Epidermoslysis bullosa: A skin disease to stay clear of
Epidermoslysis bullosa (EB) is a genetically inherited disease which causes the skin to get more susceptible to touch or rub; hence blisters all over the skin appear upon the slightest rub or scratch.
Dystrophic epidermolysis bullosa (DEB) is the severest category of EB. However, its symptoms may vary from one individual’s case to another. While some may get blisters only on joints such an elbows and knees, others might have to face an extremely severe blistering which can potentially cause vision loss. As it is, DEB is a rare skin disease, its incidence of occurring is as low as 6.5 per million.
It is sub-divided into three major categories which have mutual features and the mutation on the same gene, COL7A1. This gene is responsible for assembling the type VII protein which is primarily responsible to make collagen. Collagen is the main structural protein which strengthens the muscle tendons, ligaments and skin. Type VII protein is also a major component of anchoring fibrils which adhere the outermost skin layer with the innermost, or the epidermis with the endodermis. However, mutations in this gene bring about an inability in the Type VII protein causing a disruption in the skin layer when even slightly touched or rubbed. This disruption further causes blisters which result in extensive scarring as they heal.

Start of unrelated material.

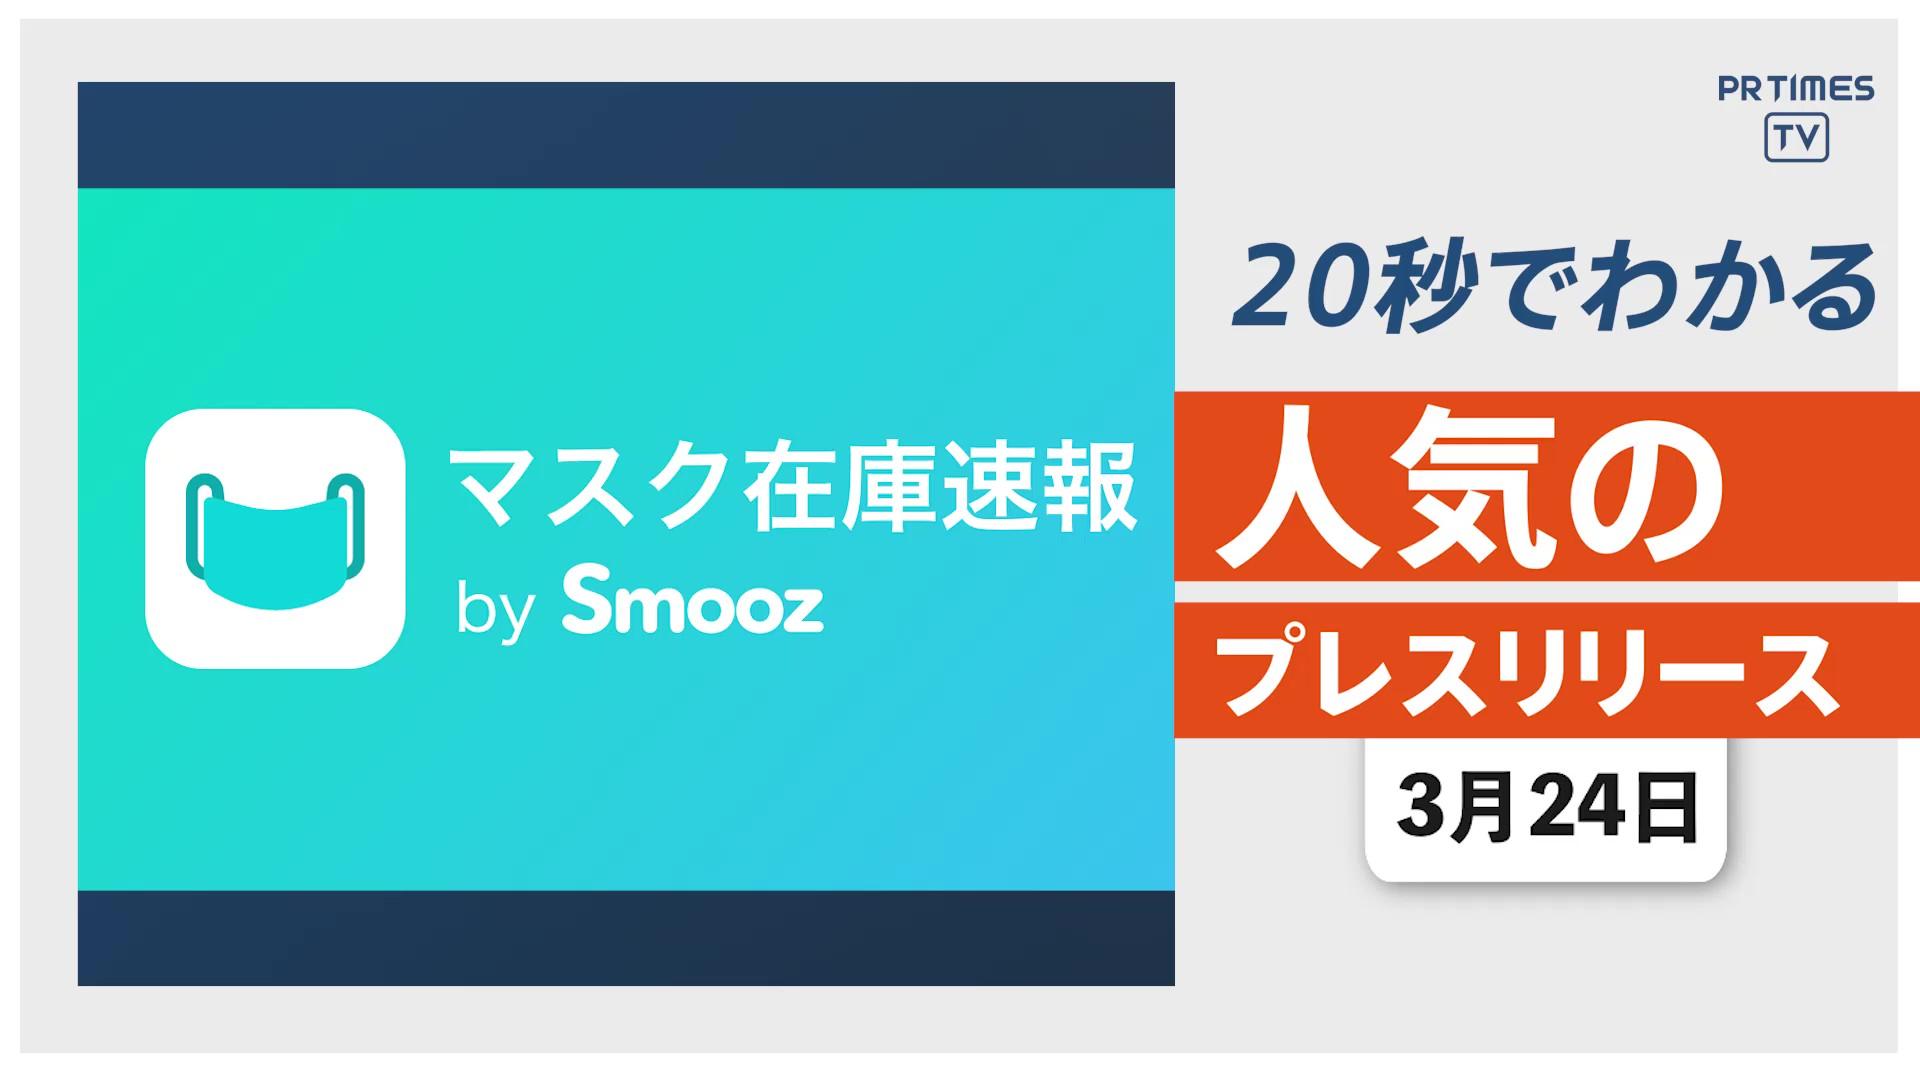 【ネット上のマスク在庫・価格情報を集約した ウェブサイトをリリース】他、新着トレンド3月24日
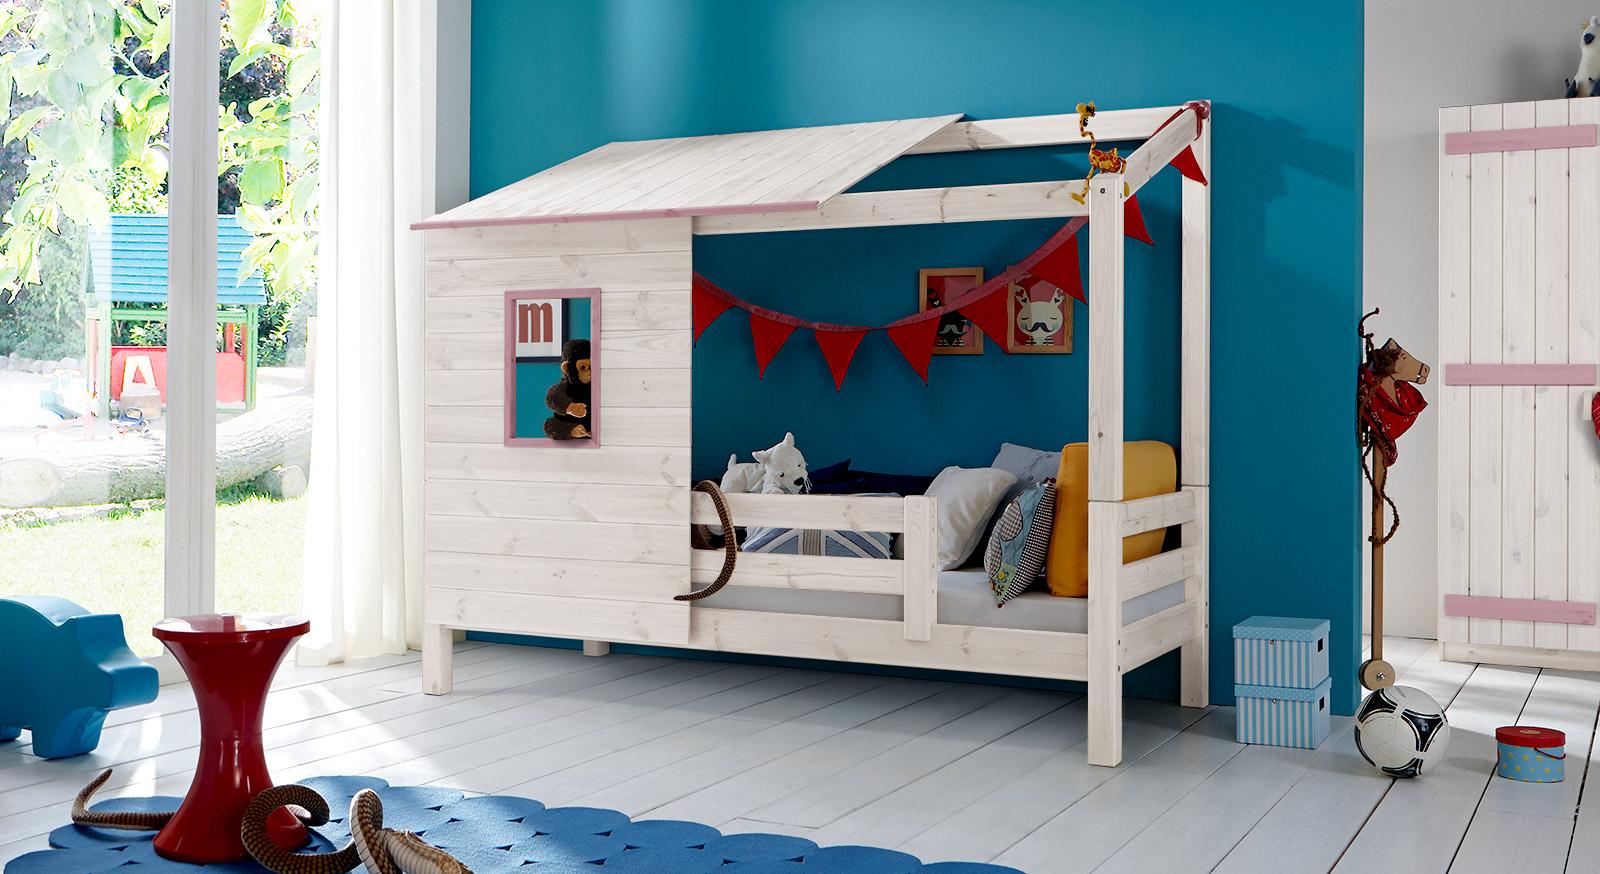 Abenteuerbett Kids Paradise aus Massivholz in Weiß mit Querleisten in Flieder

There are three types of DEB which often have overlapped signs and symptoms. The three types are Hallopeaus-Siemens Recessive DEB (RDEB-HS), non-Hallopeaus-Siemens RDEB (non-HS RDEB) and lastly Dominant DEB (DDEB).
RDEB-HS
This is the most severe type and is autosomal recessive. Very often infants born with this disease exhibit missing skin patches. These are further accompanied by extremely hazardous blisters on the skin caused by any trauma during birth. These blisters are also found in the mucous membranes such as the mucous lining present in the mouth and the gastrointestinal tract. It makes swallowing and chewing the food very difficult hence increased chances of malnourished infants are present in this disease. Furthermore, nail growth is found to be stunted and fingers and toes are seen to be fused. Joint contractures are also commonly seen resulting in a restricted joint movement. Other sever cases are also likely to exhibit vision loss.

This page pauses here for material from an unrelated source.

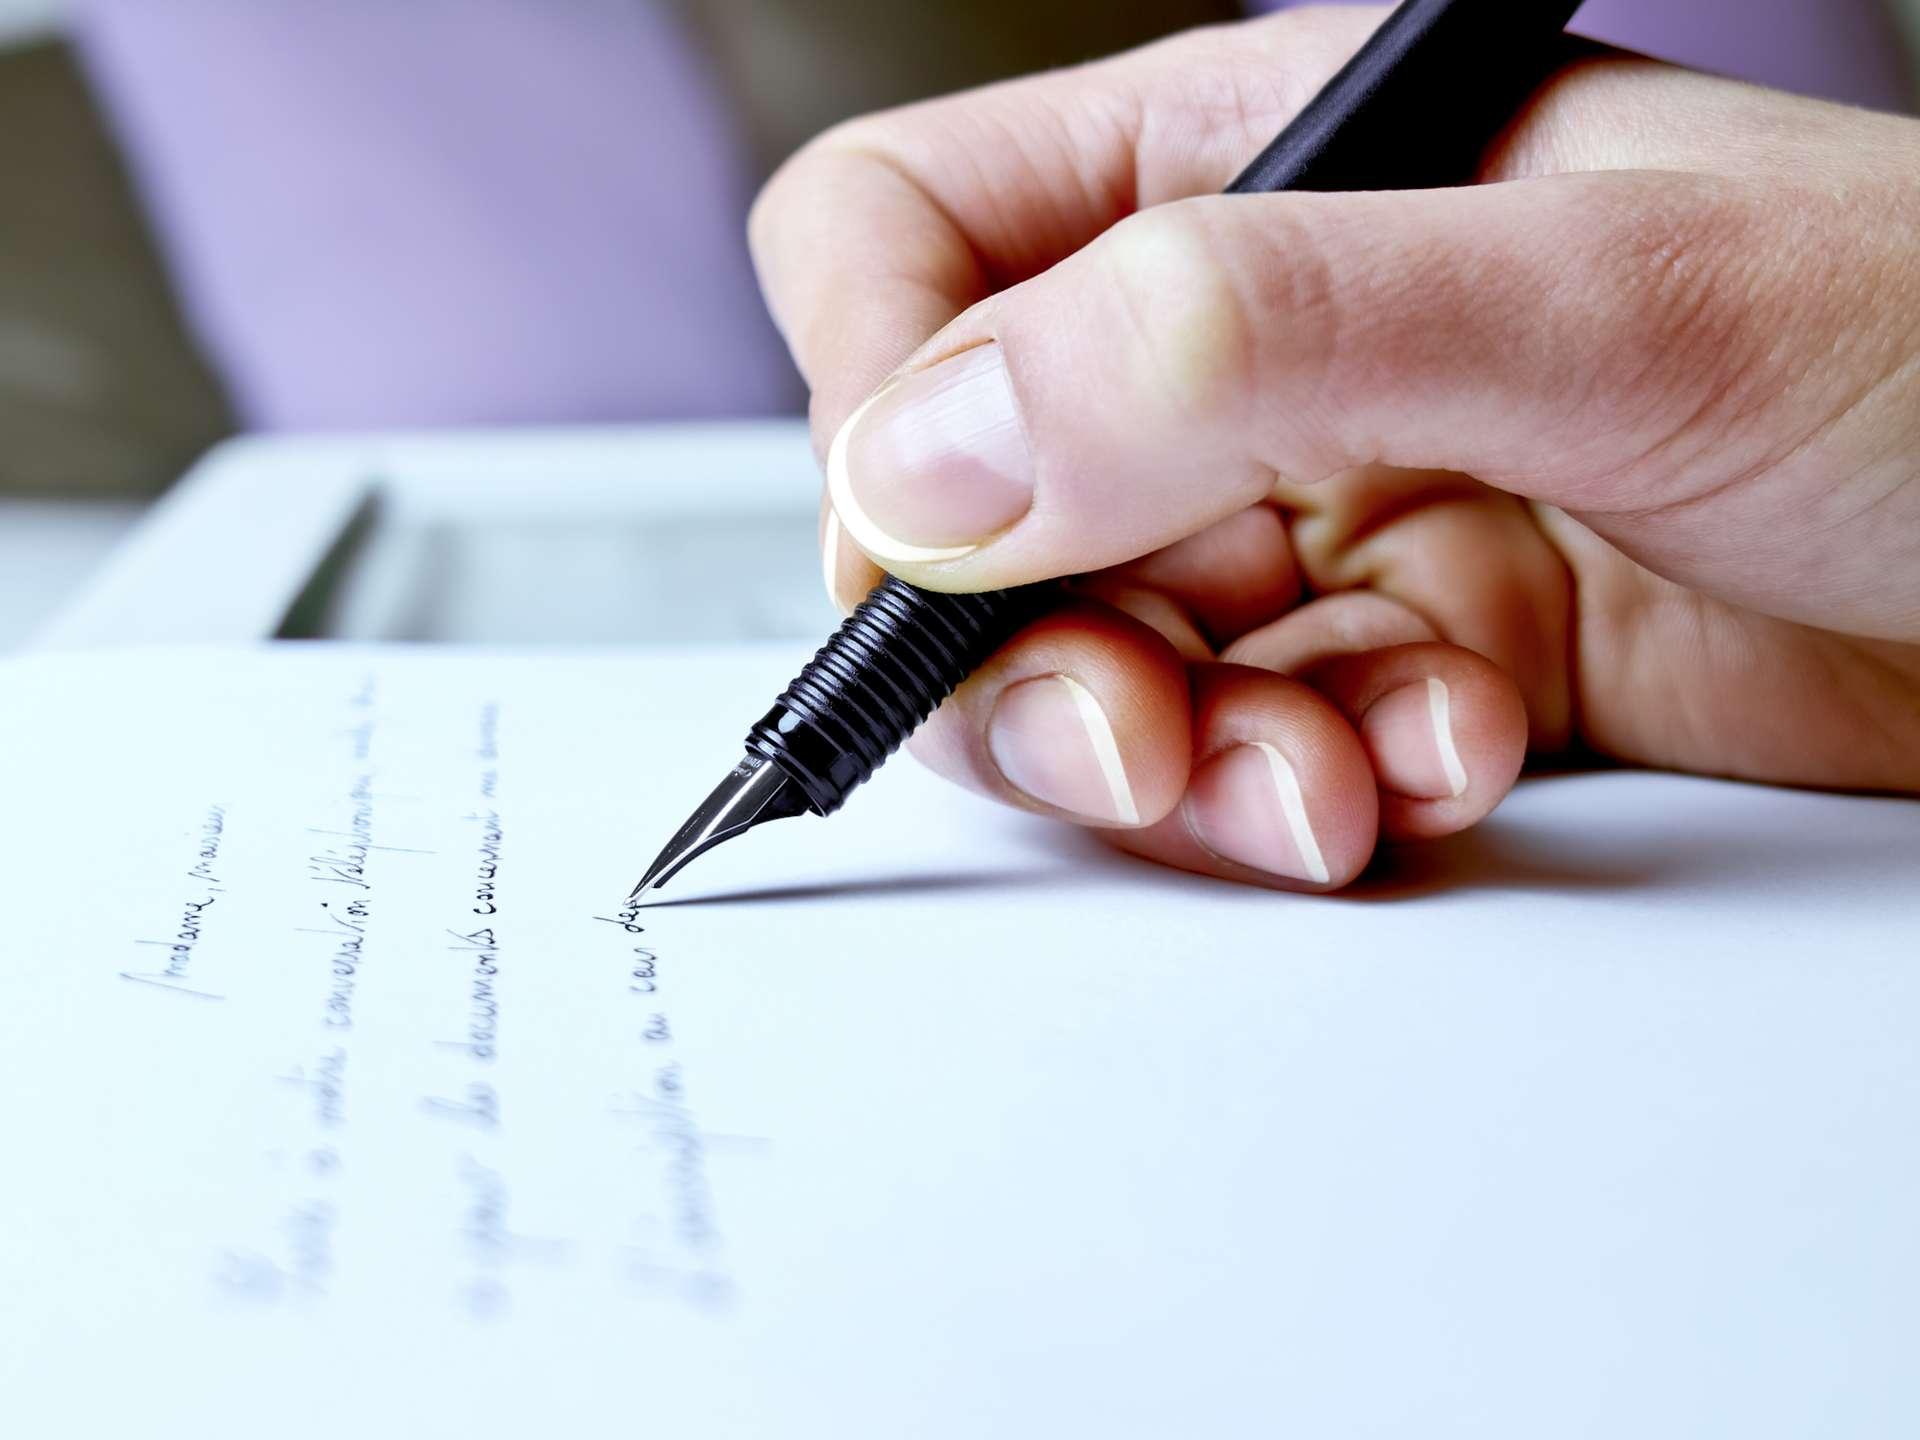 L'écriture manuscrite des lettres est la meilleure technique pour apprendre à lire. © Michael Nivelet, Adobe Stock

Squamous cell carcinoma is yet another skin disease which is often regarded as fatal. An increased incidence of squamous cell carcinoma is found in patients with RDEB-HS.
Non-HS RDEB
This is yet again an autosomal recessive type. However, it is considered to be mild than the one previously stated. Blistering in this case is limited to hands as well as feet and joints such as knees and elbows. Scarring in this case is also less severe. Overall, this is less life threatening because no occurrence of cancer is seen to be associated with it.
DDEB
This is the mildest form, only abnormal nails are a sign of DEB in this case. Blistering is also limited to hands and feet, with no severe scarring or cancer associations.
Diagnosis
As mentioned earlier, the symptoms of this disease are often overlapped hence skin biopsy is done for a cloer look at the condition of the skin. It’s done using immunofluroscent antibody/antigen mapping or through transmission electron microscopy. Another technique is the molecular testing approach. Its divided into three categories; single gene testing, multiple gene panel, genomic testing.
Treatment
The main problem in treatment of this disease is impaired wound healing due to inflammation and immune reaction going on. Therefore prevention of inflammation is the main strategy behind the treatment of DEB. Along with regular whirlpool therapy and topical antibiotics, the wounds should be kept covered in semi occlusive non adherent dressings.

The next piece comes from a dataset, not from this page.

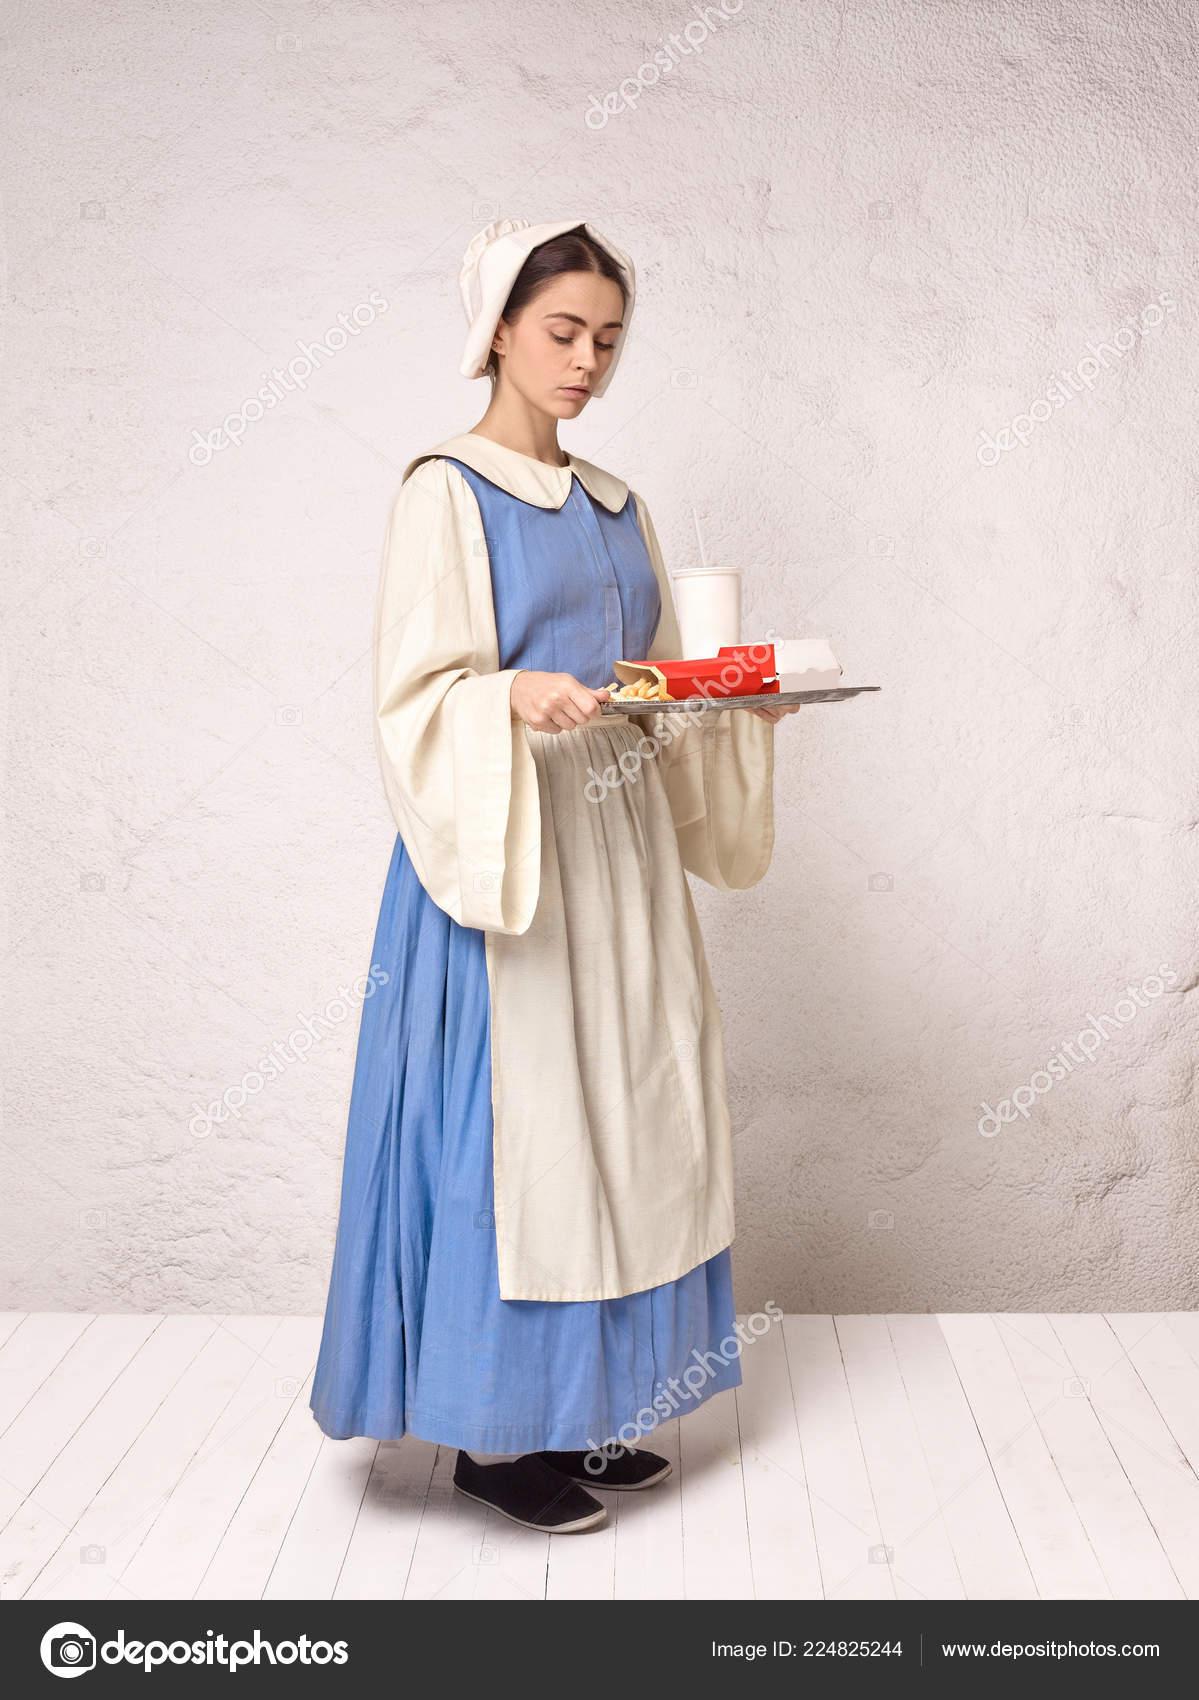 f7c2e8e89 Medieval mulher em traje histórico vestindo espartilho vestido e chapéu. Linda  camponesa usando fantasia de sapinhos — Fotografia por  vova130555 gmail.com

For gastrointestinal and oral lesions steroid therapy works along with phenytoin. Along with that good dental hygiene is recommended consisting of flossing followed by brushing with quality toothpaste.
Recent experiments on SCC in recessively inherited epidermolysis bullosa patients imply that it arises from preserved expression of the type VII collagen NC1 domain. Type VII collagen is involved for Ras-driven human epidermal tumorigenesis.